Went long the Euro/Yen, and got stopped out. Finally I start to see the bulls point of view...take a risk trade...and equities are creamed. That was my punishment for being seduced by all the optimistic shills on CNBC!

More and more, fundamental evidence against Europe coming out of this recession
anytime soon is becoming a fairy tale. Sure, I could always play a contrarian position and buy the Euro, but why...because it's opposite of what the herd will do? I don't think so. The charts show that the Euro pairs are precarious at best and, if you use Bob Iaccino's strategy of closes below trendlines on a four hour chart, the DOW has already cracked.

The DOW chart below seems to have broken a trendline back to the beginning of March AND the neckline of a significant head and shoulders formation (8300.)(Clicking on the charts give you clearer views):

Now, since being stopped out in the trade above, I became short the Canadian Dollar/Yen in a couple of accounts...because of the significant break of a trendline we discussed days ago. This pair, along with the Euro/Yen or Euro/Dollar and equities, is a risk trade (when you are long,) so there are definitely signs of cracks. (At the bottom of this post, you will see the link to Adam's new bearish video on the S+P.)

The chart below shows the Euro right at critical support going back months. Look how the last bar closed...closed off its low...but weak nonetheless.

We basically have the same thing going on in the Eur/Yen.

Wednesday, July 1, 2009

A new and very significant Weekly Trade Triangle issued yesterday

I haven't worked out a new profit percentage for my combined accounts in the past few days, but I've got to be up close to 90% since Jan 1.

One of my favorite indicators I use are my Trade Triangles...because they work very well. Daily issuances of a triangles are OK for short term trades, I guess...but weekly issuances are more seldom, and more powerful. Adam and Market Club just issued a new weekly on the EUR/USD. This flies straight in the face of my theory that equities will correct any time soon. This account also holds Gold, in case the Dollar spot continues its weakness. (Clicking on the chart gives you a clearer view):



Of course, the last time Market Club issued a Trade Triangle for this pair, it went the opposite way. This is rare.

I also use Traders Outlook to confirm my trades...and we were shown the following at the start of this morning's seminar (please click on the image):

So, in my intermediate account I went long 1 lot...ahead of Trichet's speech tomorrow. The performance of the CAD/YEN is another thing that is showing me that 'risk' is still the in thing. Of course I will use a stop loss, but it will be generous.

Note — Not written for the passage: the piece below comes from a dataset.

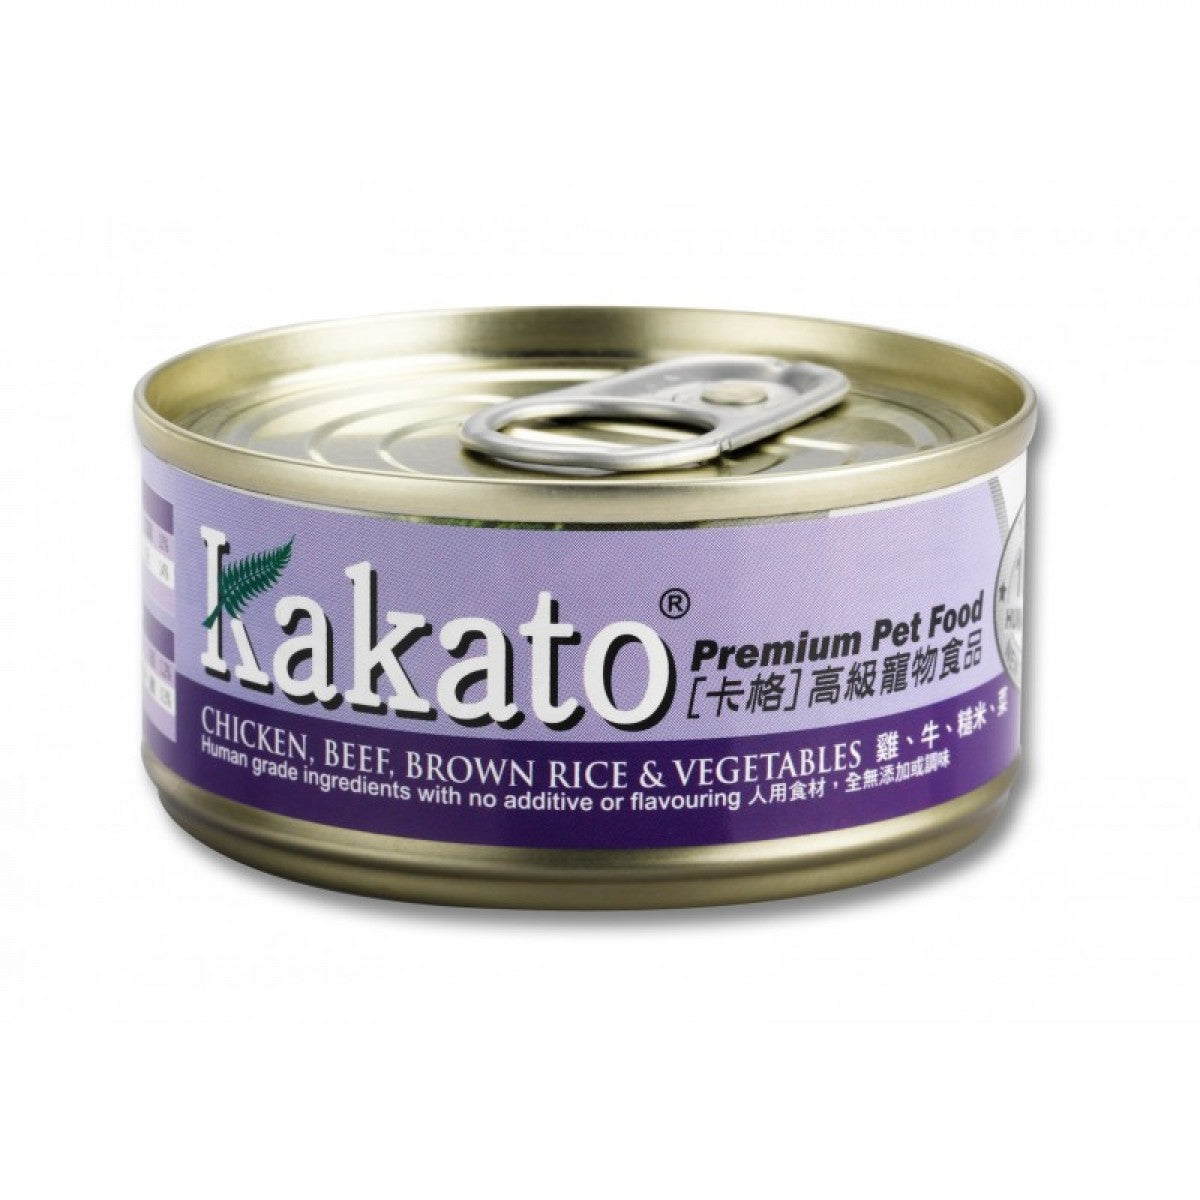 Kakato - Chicken, Beef, Brown Rice & Vegetables canned from Vetopia

New Trade...that we may not hit

Looking to go long Euro/Yen, on a pullback to 136.14, but only a half position, in case of a further pullback. This is a classic swing trade that Bob Iaccino's Traders Outlook trading firm has set up. Great part about trading like this is there are no impulsive moves and the trades are well researched. So, this gives me a chance to see if I get confirmation from other indicators, without committing immediately.

I am watching a couple other less likely trades too.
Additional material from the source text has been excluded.